#### Raw data
▼▼▼

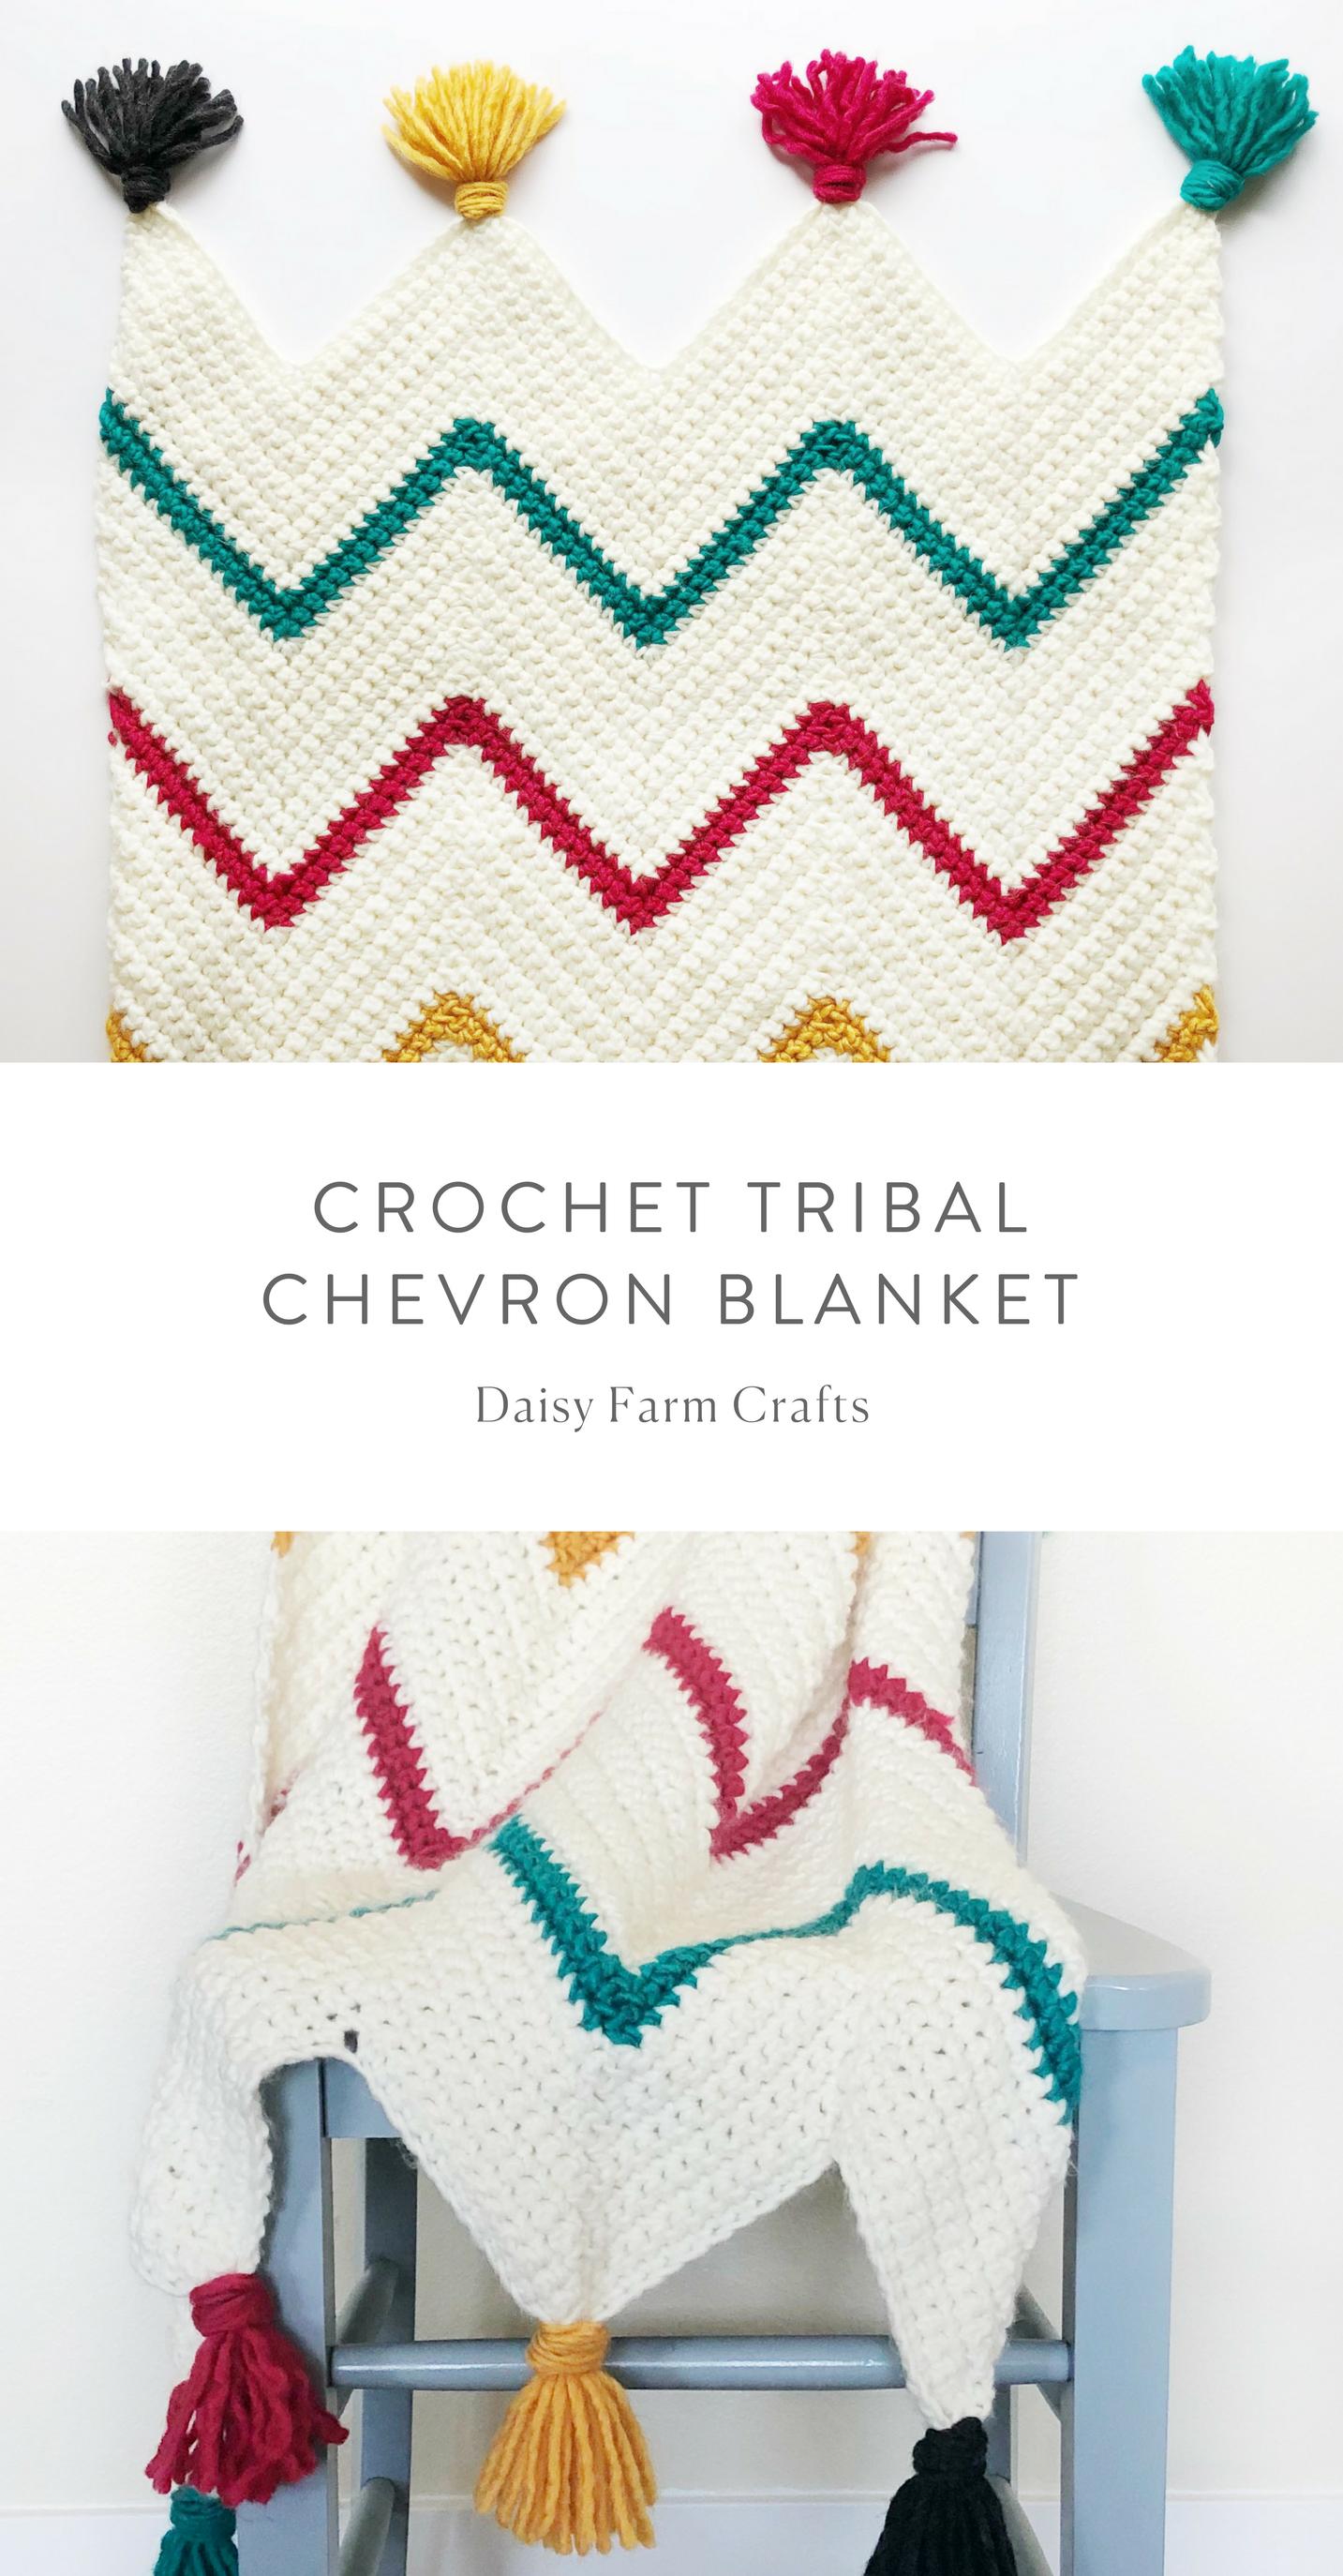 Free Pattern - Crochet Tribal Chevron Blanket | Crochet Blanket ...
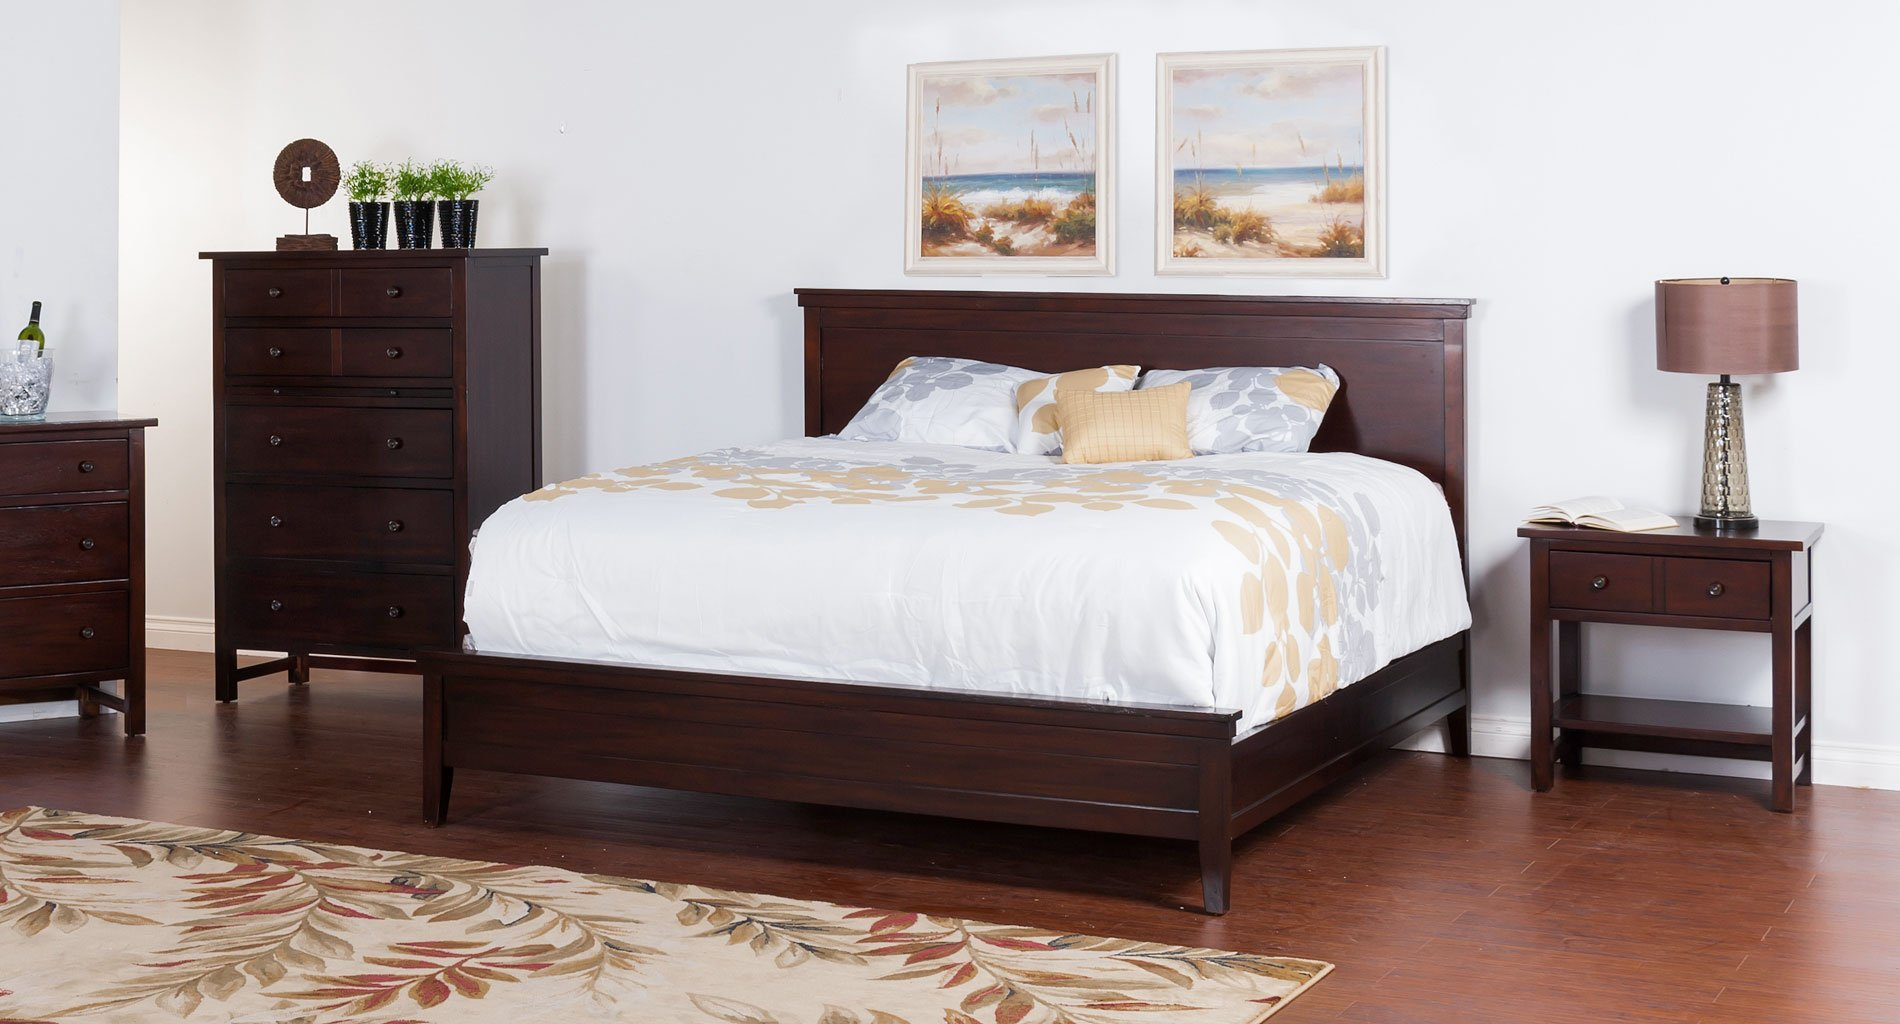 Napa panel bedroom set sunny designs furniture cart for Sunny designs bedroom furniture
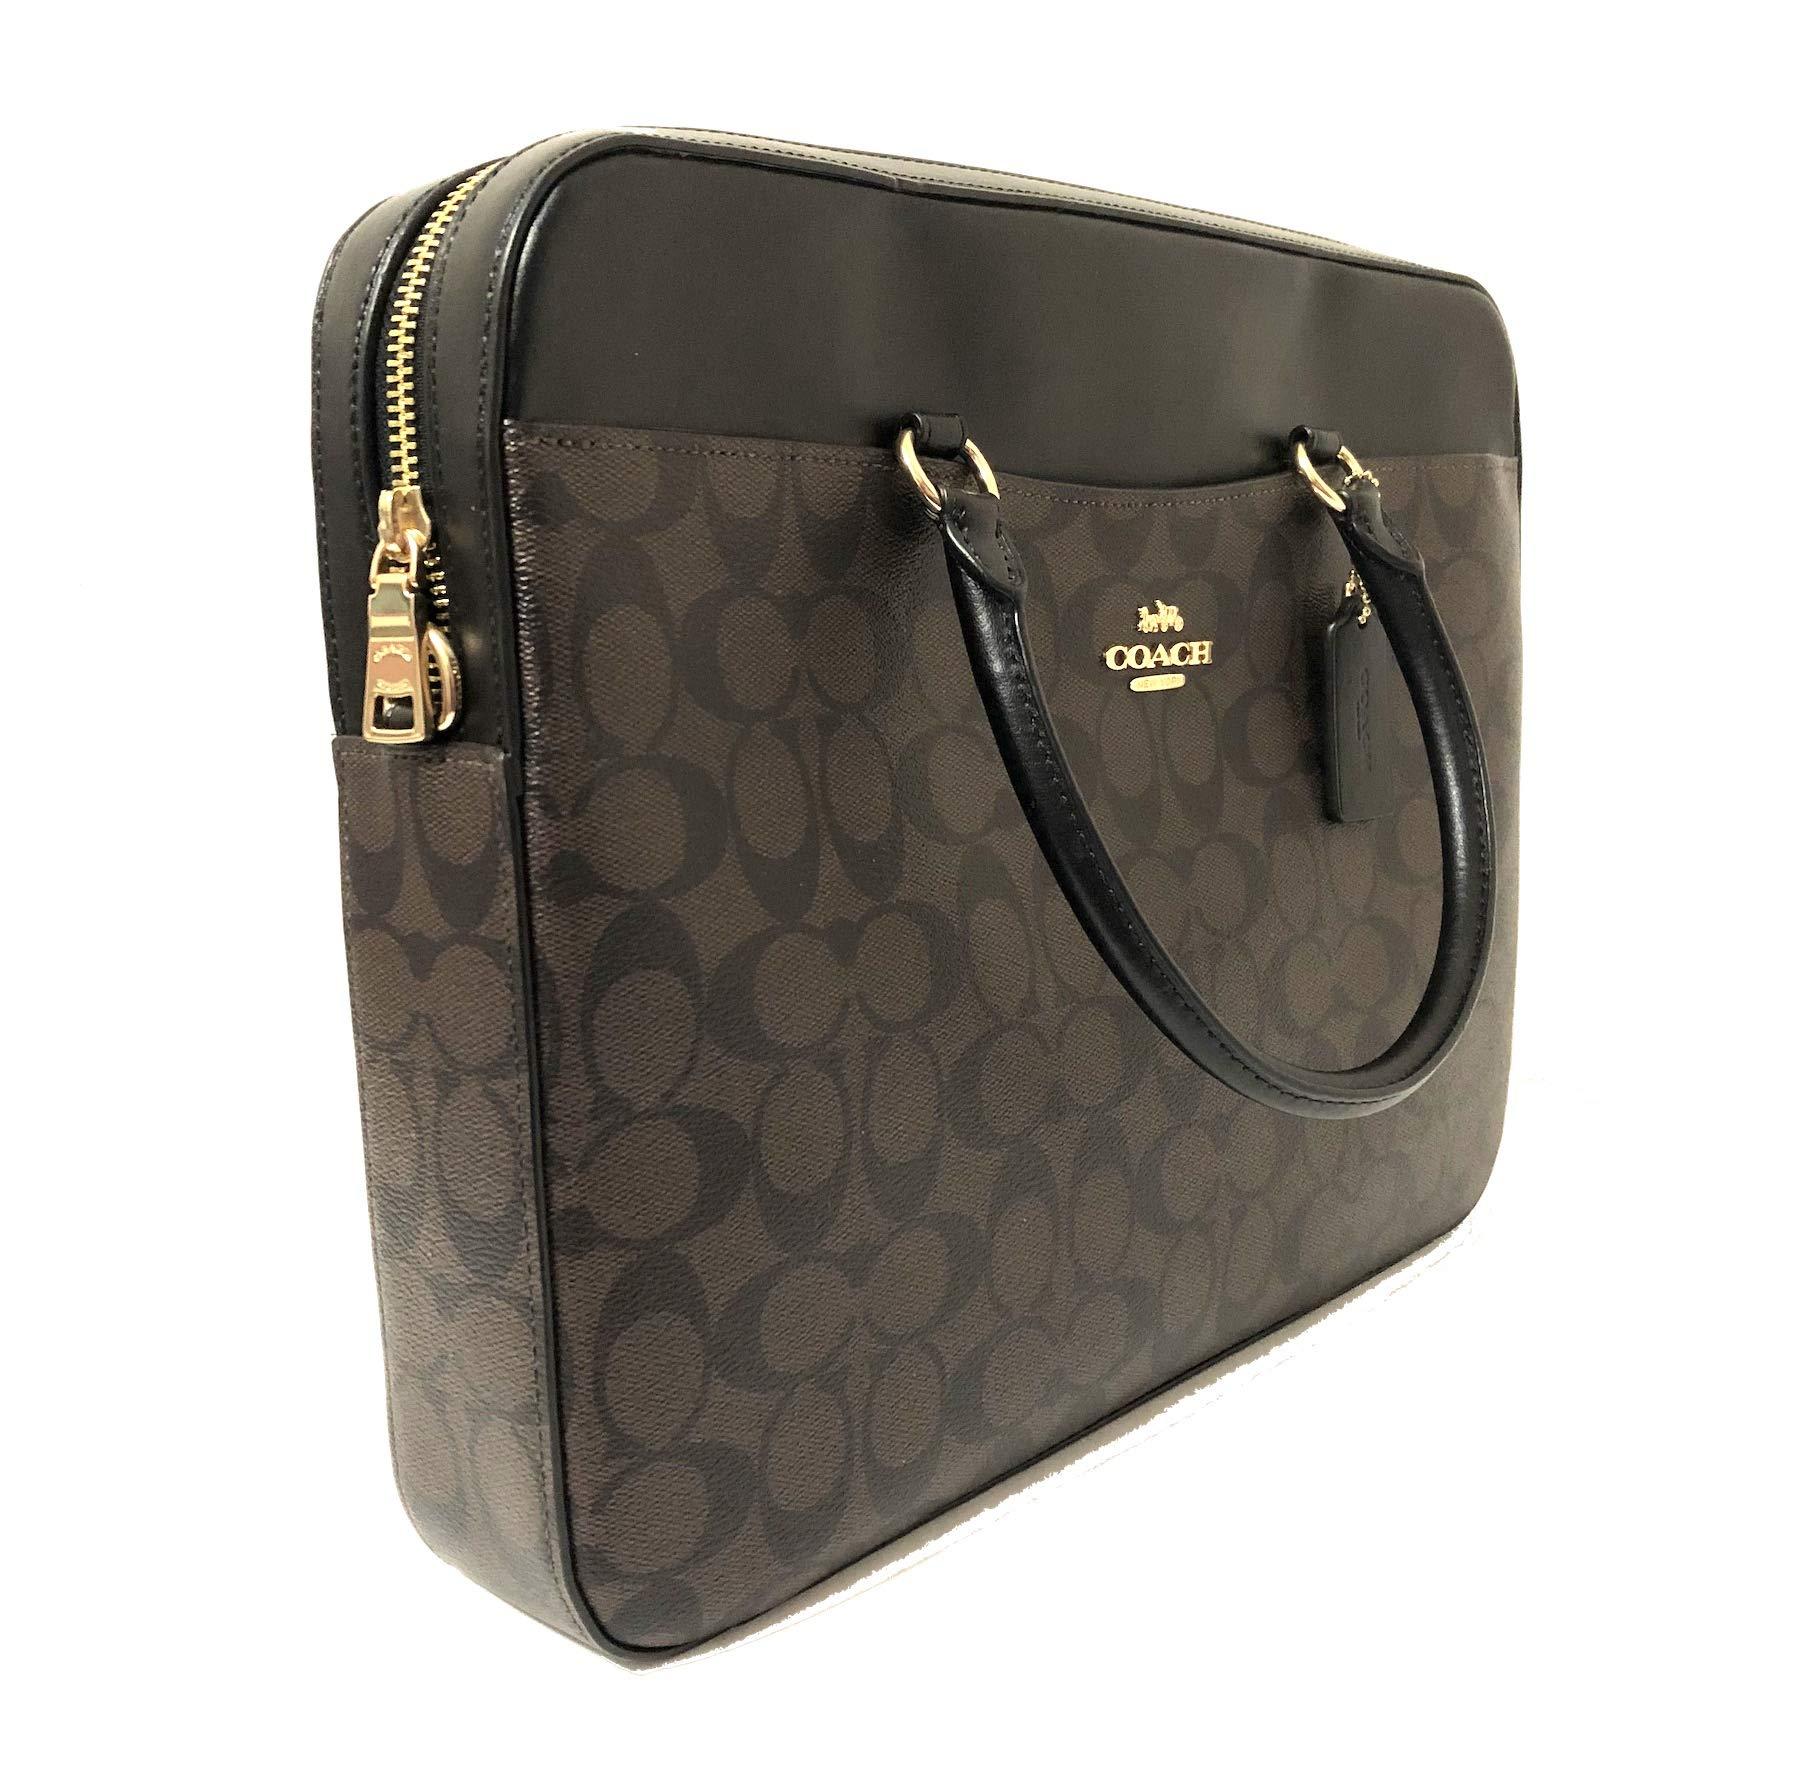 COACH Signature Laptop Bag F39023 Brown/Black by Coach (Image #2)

▲▲▲

#### Goal of the exercise
Word for word, quote the lines above. Omit the pictures.

#### Solution for this task
 Free Pattern - Crochet Tribal Chevron Blanket | Crochet Blanket ...
 Napa panel bedroom set sunny designs furniture cart for Sunny designs bedroom furniture
 COACH Signature Laptop Bag F39023 Brown/Black by Coach (Image #2)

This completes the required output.